PyTorch code for the NAACL 2021 paper "Improving Generation and Evaluation of Visual Stories via Semantic Consistency". Link to arXiv paper: https://arxiv.org/abs/2105.10026
This code has been tested on torch==1.7.1 and torchvision==0.8.2
Download the PororoSV dataset and associated files from here and save it as ./data
.
Download GloVe embeddings (glove.840B.300D) from here. The default location of the embeddings is ./data/
(see ./dcsgan/miscc/config.py
).
To train DuCo-StoryGAN, first train the VideoCaptioning model on the PororoSV dataset:
python train_mart.py --data_dir <path-to-data-directory>
Default parameters were used to train the model used in our paper.

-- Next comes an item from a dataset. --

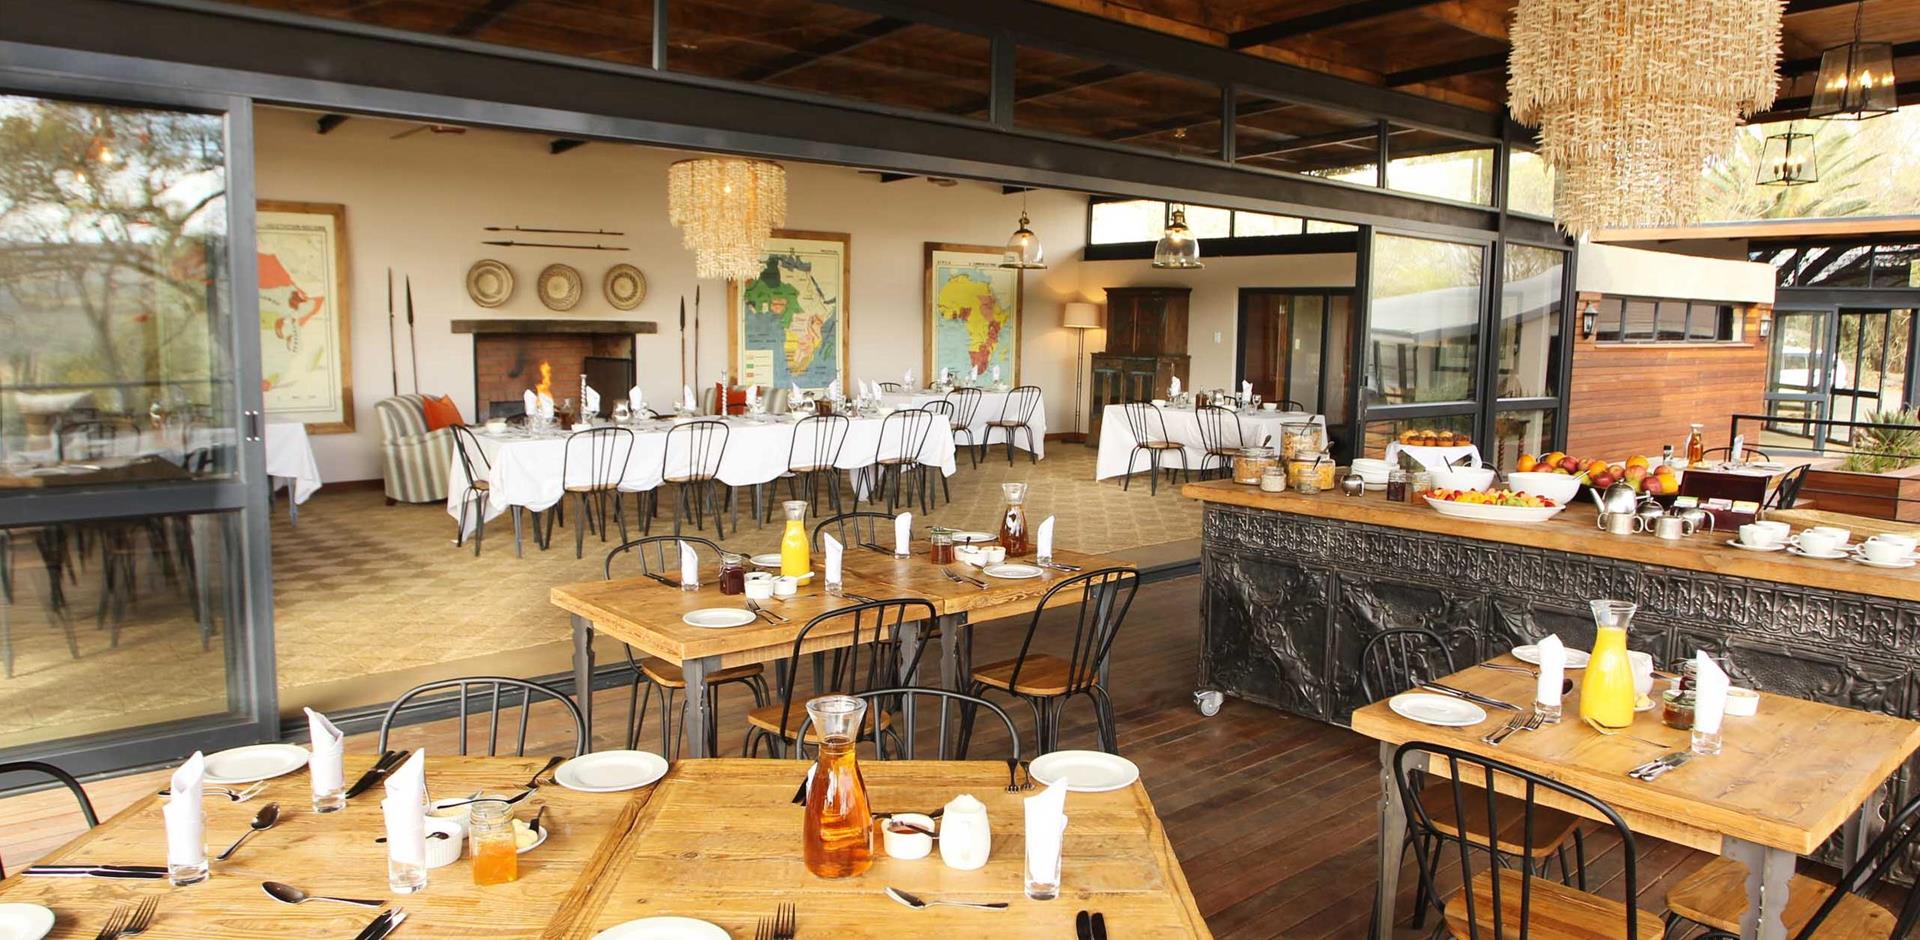 Dining room, Fugitives' Drift Lodge and Guesthouse, South Africa, A&K

Next, train the generative model:
python train_gan.py --cfg ./cfg/pororo_s1_duco.yml --data_dir <path-to-data-directory>
If training DuCo-StoryGAN on a new dataset, make sure to train the Video Captioning model (see below) before training the GAN. The vocabulary file prepared for the video-captioning model is re-used for generating common input_ids
for both models. Change location of video captioning checkpoint in config file.

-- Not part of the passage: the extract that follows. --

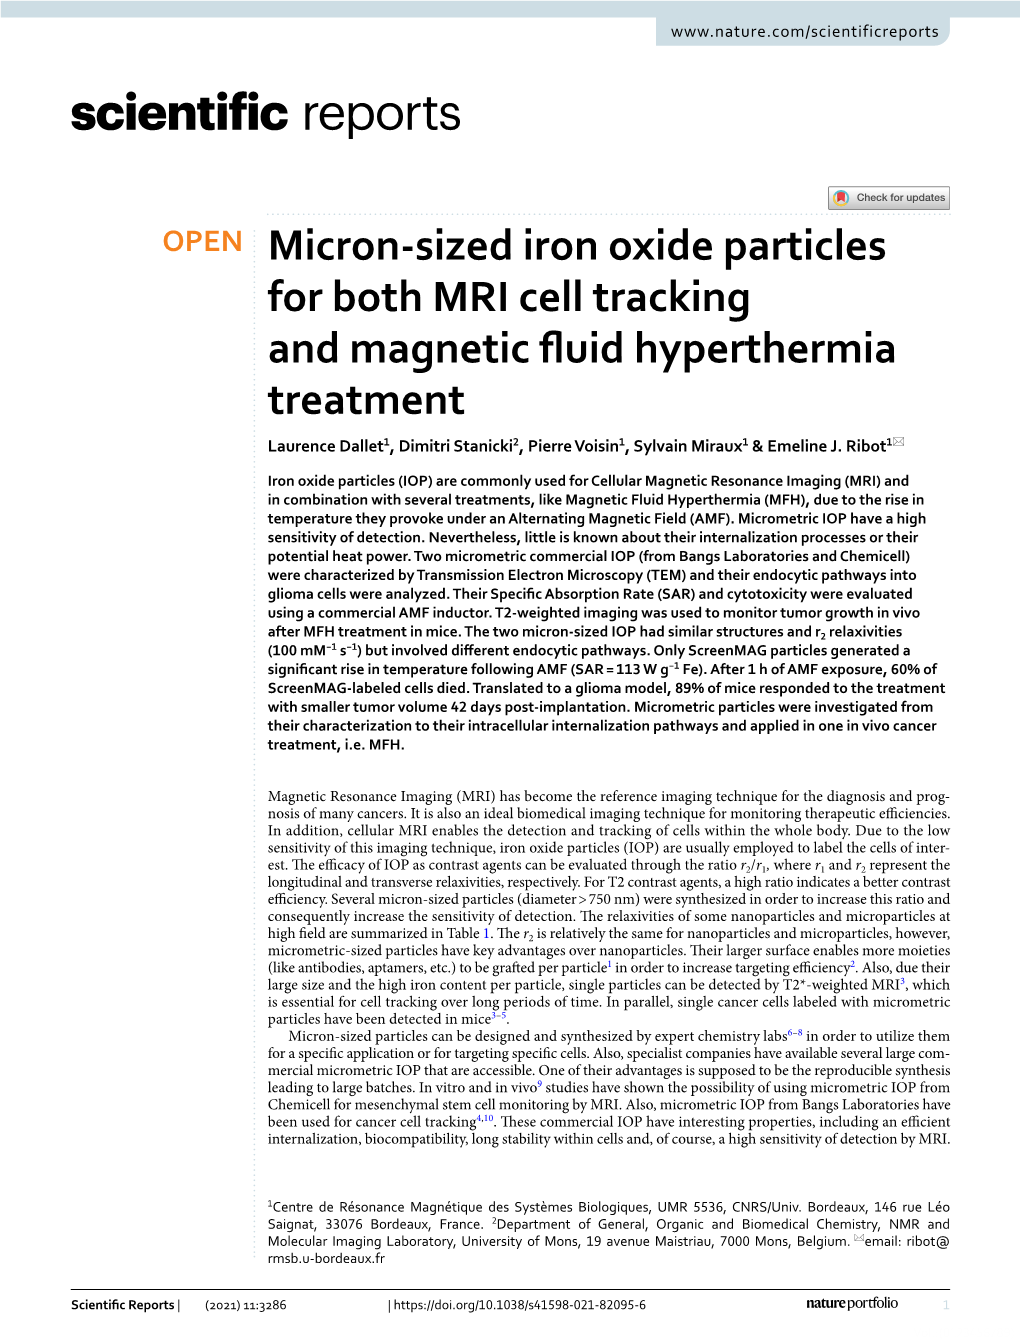 Micron-Sized Iron Oxide Particles for Both MRI Cell Tracking and Magnetic

Unless specified, the default output root directory for all model checkpoints is ./out/
-
Video Captioning Model
The video captioning model trained for DuCo-StoryGAN (see above) is used for evaluation.python train_mart.py --data_dir <path-to-data-directory>
-
Hierarchical Deep Multimodal Similarity (H-DAMSM)
python train_damsm.py --cfg ./cfg/pororo_damsm.yml --data_dir <path-to-data-directory>
-
Character Classifier
python train_classifier.py --data_dir <path-to-data-directory> --model_name inception --save_path ./models/inception --batch_size 8 --learning_rate 1e-05
The code in this repository has been adapted from the MART, StoryGAN and MirrorGAN codebases.